WHAT NEEDS TO BE DONE —
Every line from the one containing "Troy ZUMA 1" to the one containing "Needs-led child and" in the records below, both included, must be set down exactly, and no other line.
═════ RECORDED DATA
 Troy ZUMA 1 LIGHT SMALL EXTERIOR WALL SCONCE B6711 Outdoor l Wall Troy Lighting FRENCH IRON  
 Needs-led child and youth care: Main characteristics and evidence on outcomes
══════════
═════ RECORDED DATA
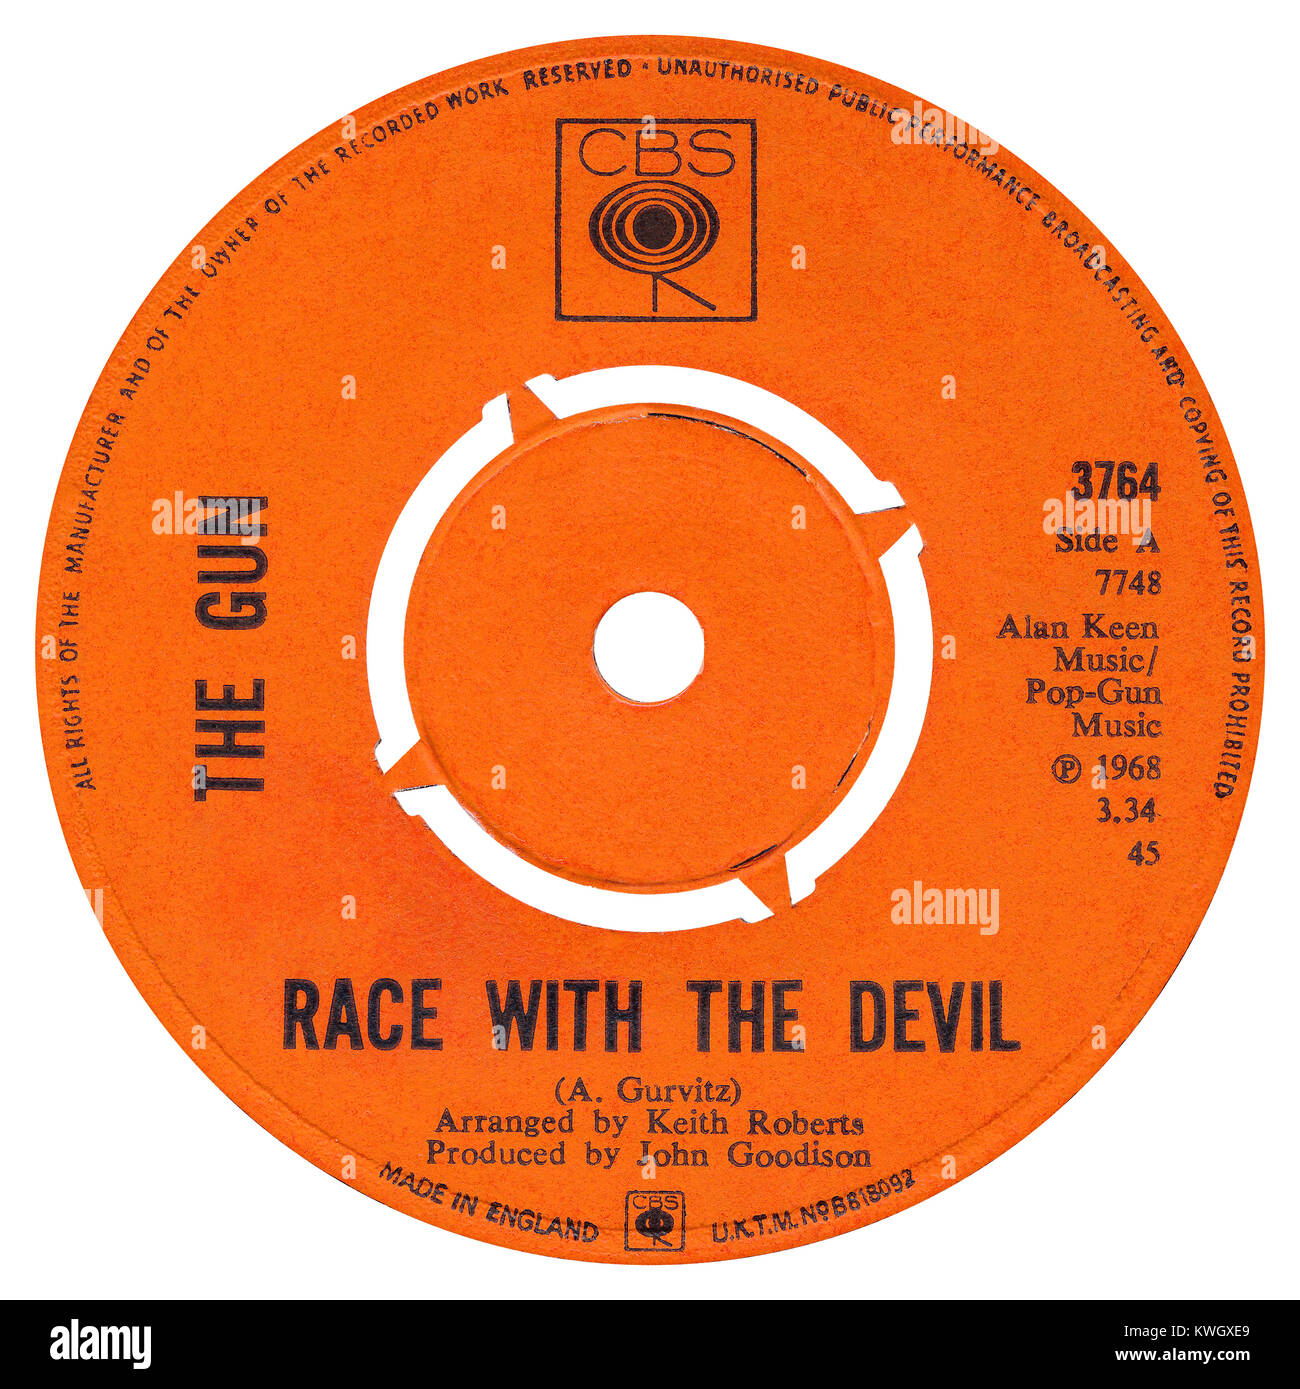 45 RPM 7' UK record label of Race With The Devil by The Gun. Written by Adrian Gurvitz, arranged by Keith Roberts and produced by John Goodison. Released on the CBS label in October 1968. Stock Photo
══════════
═════ RECORDED DATA
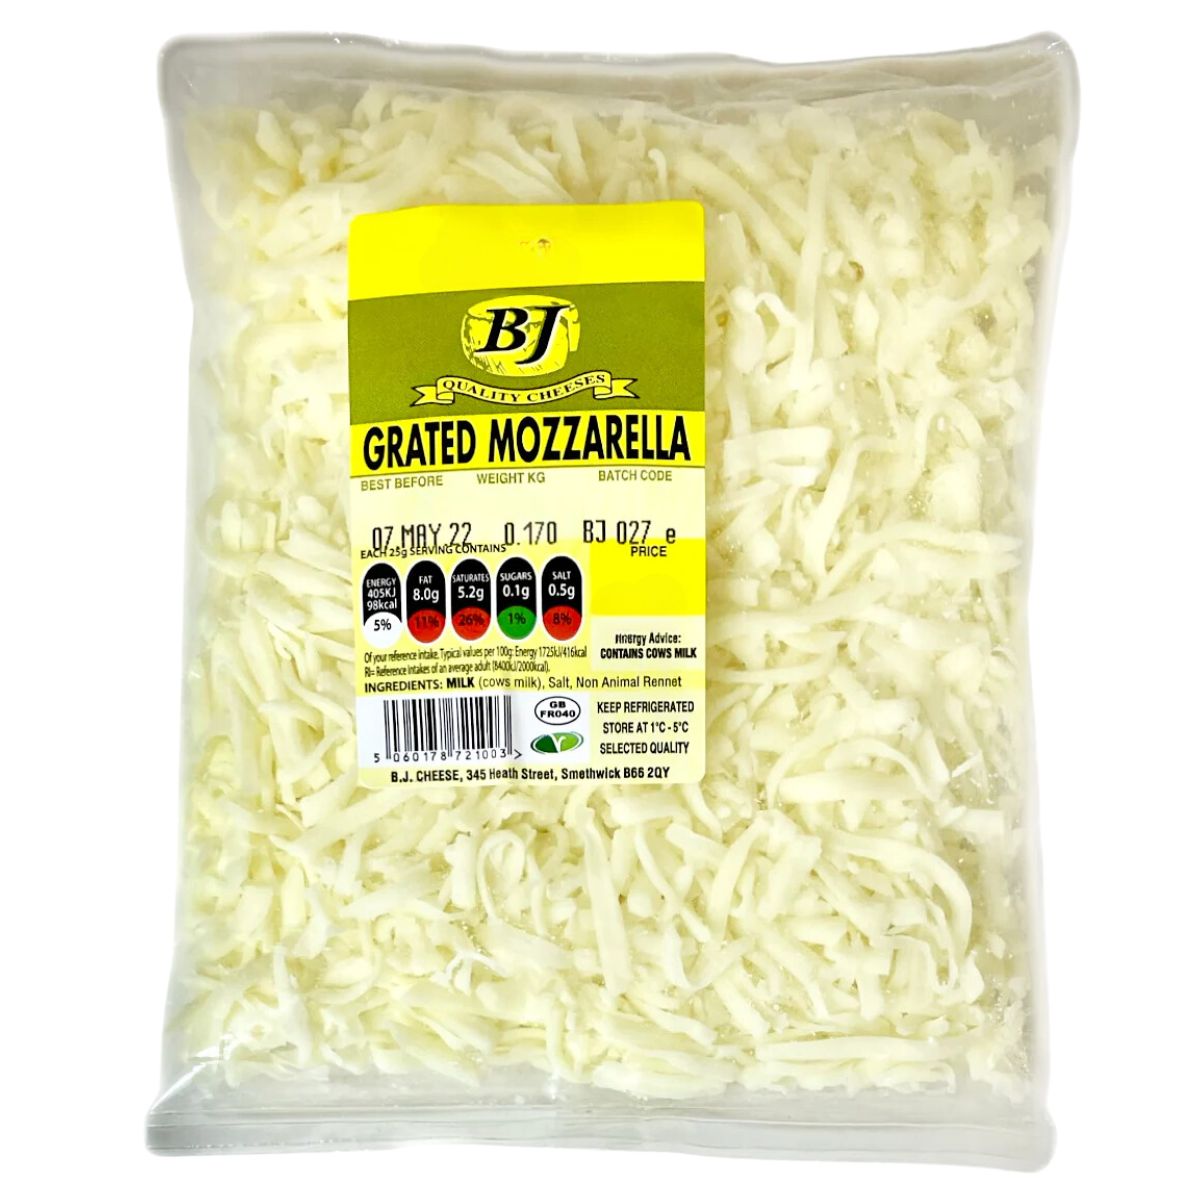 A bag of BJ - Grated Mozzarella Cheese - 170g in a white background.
══════════
WRITTEN ANSWER —
 Troy ZUMA 1 LIGHT SMALL EXTERIOR WALL SCONCE B6711 Outdoor l Wall Troy Lighting FRENCH IRON  
 Needs-led child and youth care: Main characteristics and evidence on outcomes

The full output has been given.